Black background with words Hellroys with fire coming out of the word Hell and under that the words Dumb Country noise and remastered in parentheses

December turned out to be a rough month for me in terms of getting out to see some shows. I guess I just picked up the holiday laziness. So on Christmas Eve I found myself looking through the archives of albums that local acts have asked me to review to see if I had missed anything interesting. The pickings were slim -- a couple of mediocre punk albums, a jam band live recording (god help us), and a well-financed folk-country disc which had a nasty habit of referencing whippoorwills. There was also a pretty decent metal demo, but I worry that reviewing demos would make me seem desperate.

So I was all set to write up a lame “songs to retire in 2018” column when I came across Dumb Country Noise, a three or so year old recording by the absurdist rockabilly/country act the Hellroys. Oh hell, I thought, I remember this. I also remembered that I had told these guys I was going to review this three years ago and totally spaced on it. So with my apologies, here is the review three years too late. I sincerely hope you are still together (your website seems current) and that you haven’t released eight other albums in the meantime.

In order to adequately describe the Hellroys, I had to make up my own genre: “absurdist rockabilly/country” (“Ab-Roc” for short). Ab-Roc is achieved when a rockabilly/country band adopts for their persona an outrageously exaggerated stereotype of trailer park living. It’s a style which has been indulged in by the Drive By Truckers (“Bulldozers and Dirt”) and Todd Snyder (“Double Wide Blues”), and has constituted the entire career of Southern Culture on the Skids and Cleetus T. Judd. Modern Nashville country has also popped out a few ambiguous gems, which the listener can choose take seriously or not (see, e.g. Toby Keith’s “Trailerhood”).

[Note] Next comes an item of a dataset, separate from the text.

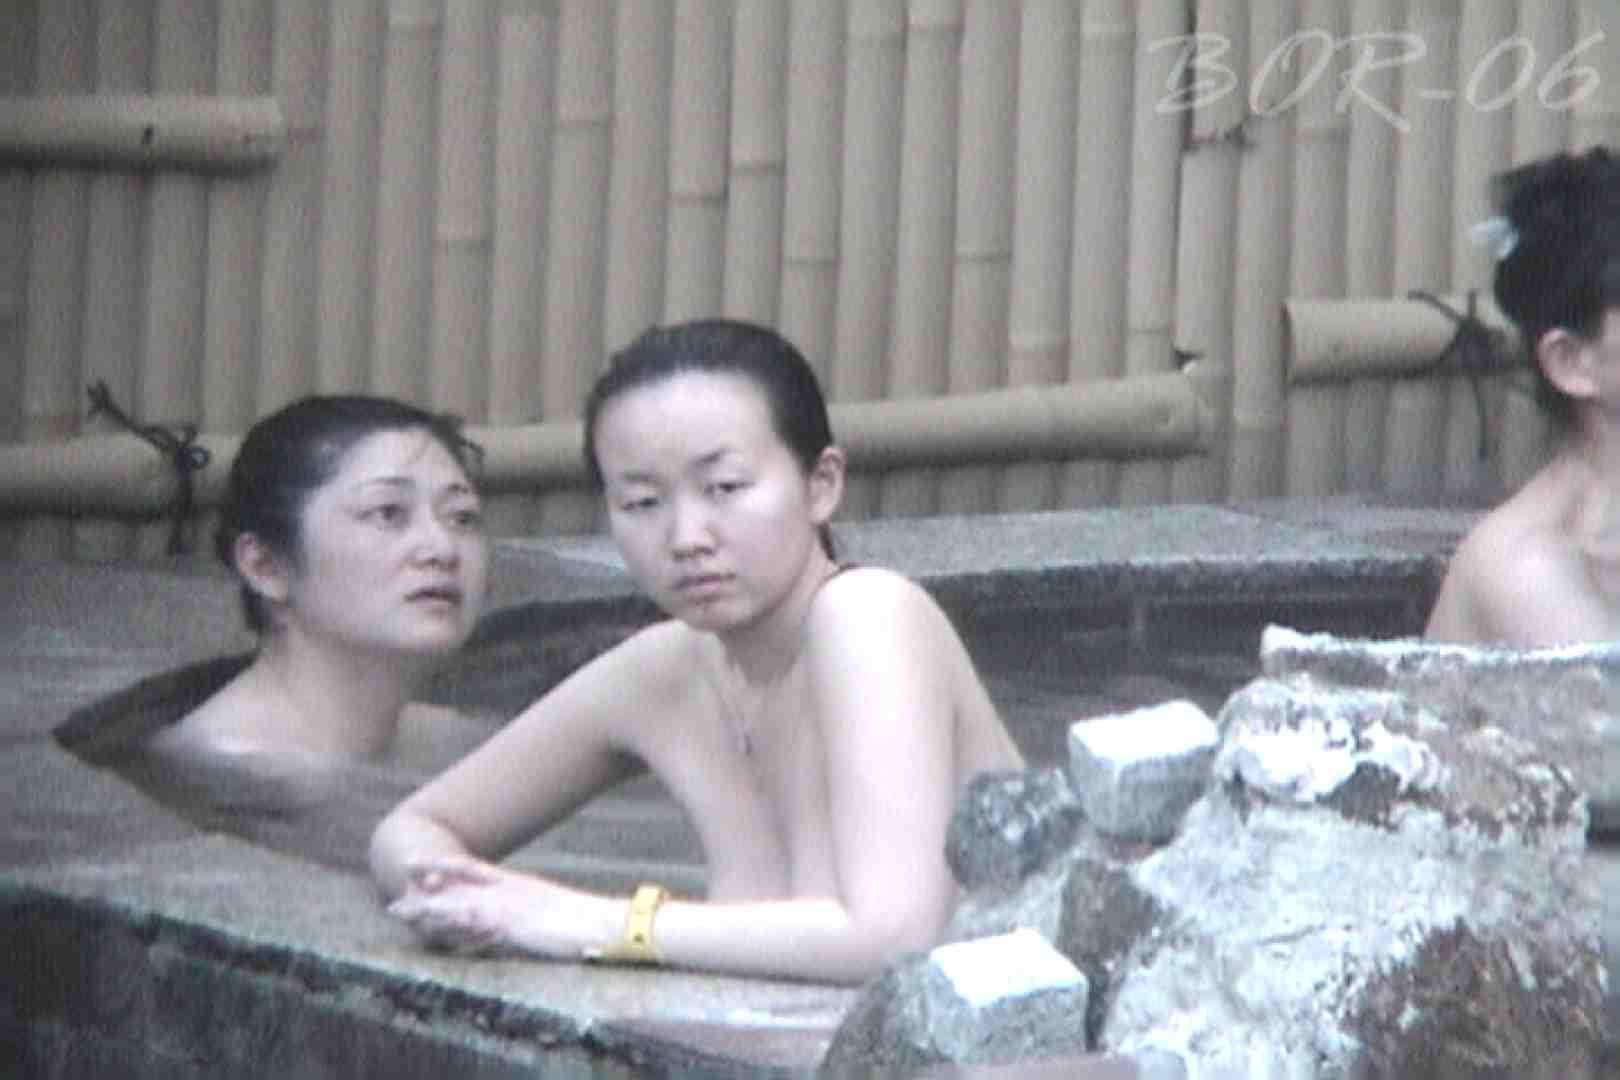 Aquaな露天風呂Vol.519 盗撮師作品  102pic 3

Musically speaking, the Hellroys are half rockabilly rage and half insincere ballad, along with some tasty guitar leads. Lyrically…well, let’s just be upfront about it – they can be offensive beyond belief. The first song on the album is “Conjoined Siamese Twin,” a tune about dumping one conjoined Siamese twin in order to begin a relationship with the other one (“[t]his here doesn’t count as a threesome, this here thing is just a her and me-some”). And let’s say it gets a little, ummm, graphic. The first time I heard it I laughed so hard I spit out the beer I was drinking. I then immediately felt like a terrible human being for laughing.

Track 2, “Wedding at Walmart” is self-explanatory: “[b]aby I know a guy, he works in pet supplies, he’s a reverend of some sort; he gonna marry us in style in the kitty litter aisle, it won’t stand up in court”). These guys are fucking poets.

The third track, the magnificent “Outlaws Don’t Read,” is a middle finger to all the communists who insisted we gain literacy: “[i]f you’re reading books you might as well just wear a dress.” The narrator notes that Herman Melville is a sucker, and declares that he would get divorced before he would read his wife’s tattoo. He doesn’t care, he’s an outlaw baby. It brings to mind the old Mark Twain attribution that a person who won’t read has no advantage over one who can’t read. Mark Twain would probably have enjoyed the Hellroys.

Track 4, “Cut off My Hand.” Oh where to start. Our friend cuts off his hand so he can sit at home and draw workers’ compensation, only to discover that his job requires the use of one hand. There is probably a lesson to be had here, if you’re into that sort of thing.

Next we come to “She Tweeted Herself,” an exploration of the existential funk of the jilted lover. In this case, however, the jilter has added insult to injury by posting intimate pictures of herself on the internet to celebrate her new freedom. Sometimes man, you just got to let her go.

Track 6, “Put the Hammer Down,” celebrates hardware store vigilantism. Our crusader springs into action when the liquor store cashier “gave me the wrong change man, she done it twice before.” Sadly his hammer heroics are cut short by Sheriff Brown, who shoots him. Again, there may be a lesson here somewhere.

The Hellroys are the musical equivalent of watching “It’s Always Sunny in Philadelphia” – you laugh, you feel deep shame, and then you laugh again. The album contains just seven songs, but it somehow feels right. There isn’t any filler; it’s just full speed ahead dirty joke from start to finish. The last track is probably the weakest of the bunch, but it offers this coda: “[y]ou sold the car to get gas money; you don’t even understand why that’s funny.”

If you don’t understand why the Hellroys are funny, you probably never will.